Sir Winston Churchill, n.d.
Location: Sir Winston Churchill Square (NW corner)
Purchased for $125,000 and gifted to the City of Edmonton by the Sir Winston Churchill Society in 1989, this firm and active pose of Churchill represents his unflagging leadership in times of hardship and war. Sculptor Oscar Nemon met Churchill in Marrakesh in 1951 and developed a deep friendship with him. He created the sculpture for Elizabeth II at Windsor. Dramatically composed, Nemon’s sculptures show how he seized momentary impressions to meld the boundaries of portraiture, creating pieces that are, at once, intensely true to the subject but also explore and question who they are.
Until his death, Oscar Nemon was the sculptor to the British Royal Family. A spectacular list of high-profile figures sat for him, including Queen Elizabeth II, D. D. Eisenhower, Charles Lindbergh, Sigmund Freud, and Margaret Thatcher.
Biography: Oscar Nemon (née Neumann) was born into a close Jewish family in Osijek (now Croatia) in 1906. The second of three children, he displayed an advanced talent for drawing that became enhanced by his father’s death – the tragedy fired him with a sense of urgency and an awareness of mortality. From age 14 onwards, these feelings found expression in the sculptures and portraits which he first exhibited in 1923 and 1924.
After being mentored by pre-eminent sculptor Ivan Mestrovic, Nemon moved to Vienna where he set up a studio and sculpted portraits and medals that he casted thanks to an uncle who owned a bronze foundry. From Vienna, Nemon travelled to Bruxelles where he studied at the Academie Royale des Beaux Arts and continued to establish his reputation, changing his name to Nemon.

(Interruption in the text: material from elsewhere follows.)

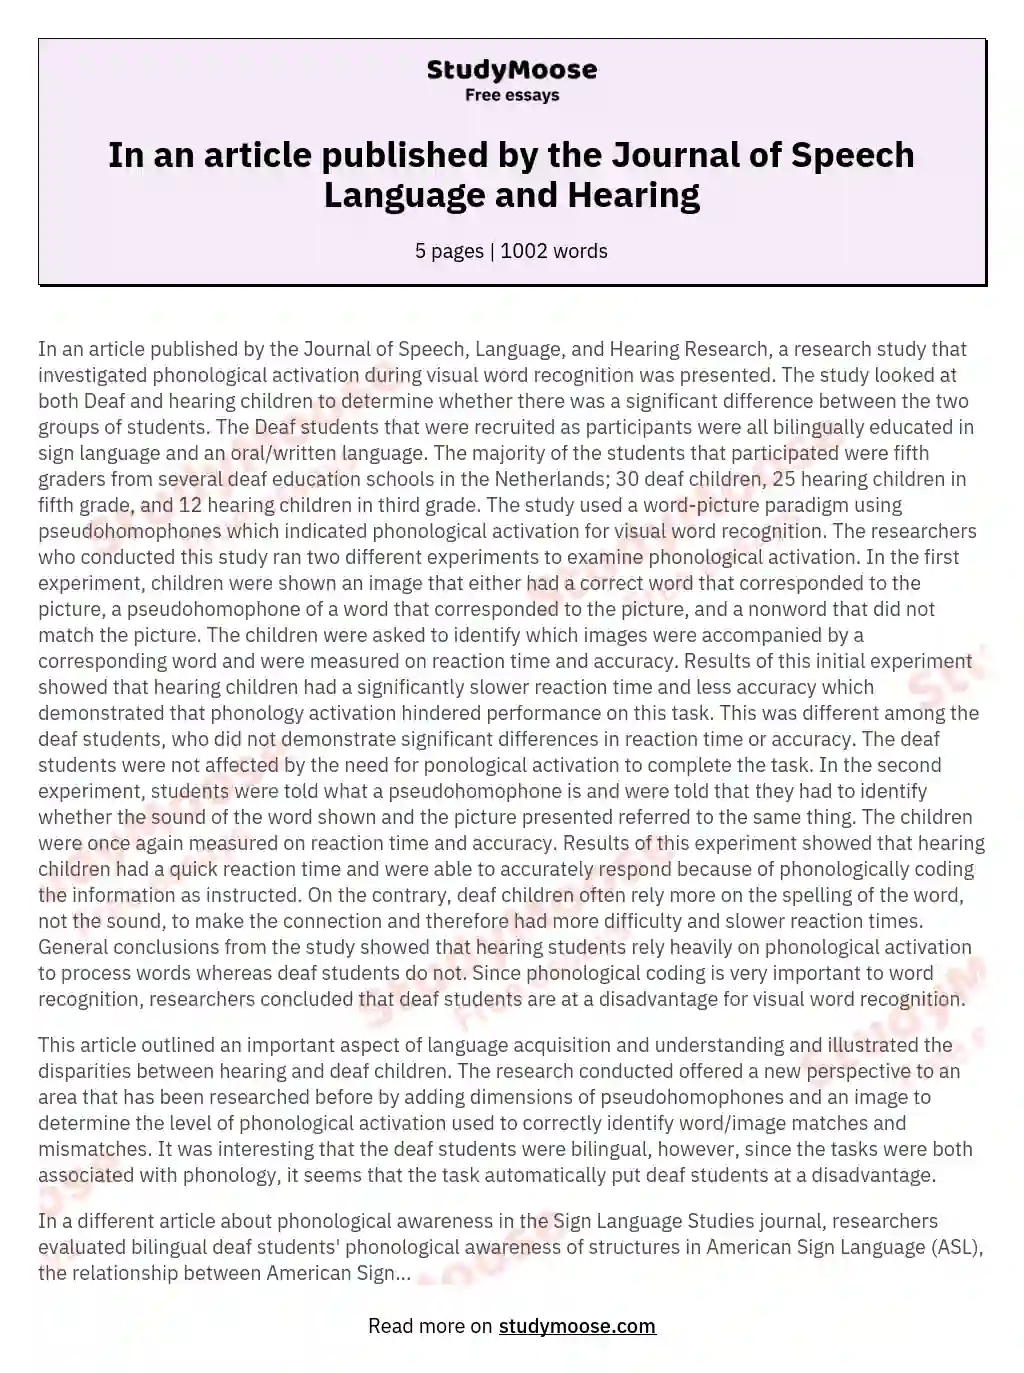 In an article published by the Journal of Speech Language and Hearing

Portraits of Freud and Henri Spaak, the Belgian statesman, were exhibited in Nemon’s first substantial one-man show at the Palais des Beaux Arts in Bruxelles in 1932. The next several years were highly successful for Nemon as he was commissioned by King Albert I and Queen Astride of the Belgians. The rise of fascism, however, made it impossible for Nemon to remain in mainland Europe, so he moved to England in 1938. It was here where he met his wife, started a family, and established a studio.
News that his family including his mother, brother, and grandmother had died in Auschwitz devastated Nemon. A sense of acute loss, combined with the burden of having survived, led him to question his right to create more personal and experimental works. He focused his attention instead on exploring and memorializing the human figure through his portraiture.
Alongside his well-known artwork, Nemon created secret, creative pieces expressed in the later 1940s and 1950s in the sequence of coloured, lyrical reliefs which look back to the landscapes and mood of the pre-war Croatian coast. Nemon also continued to sketch and model figurative compositions such as Humanity, a memorial to the victims of the Holocaust in Osijek, and Per Ardua ad Astram, the Canadian Air Force memorial in Toronto. The last in this sequence, a pyramid-shaped composition titled Eternity, questions the relationship between life and art. Created in the final years of the sculptor’s life, it is situated in the garden of his studio on Boars Hill, near Oxford, where Nemon continued to work until his own death in 1985.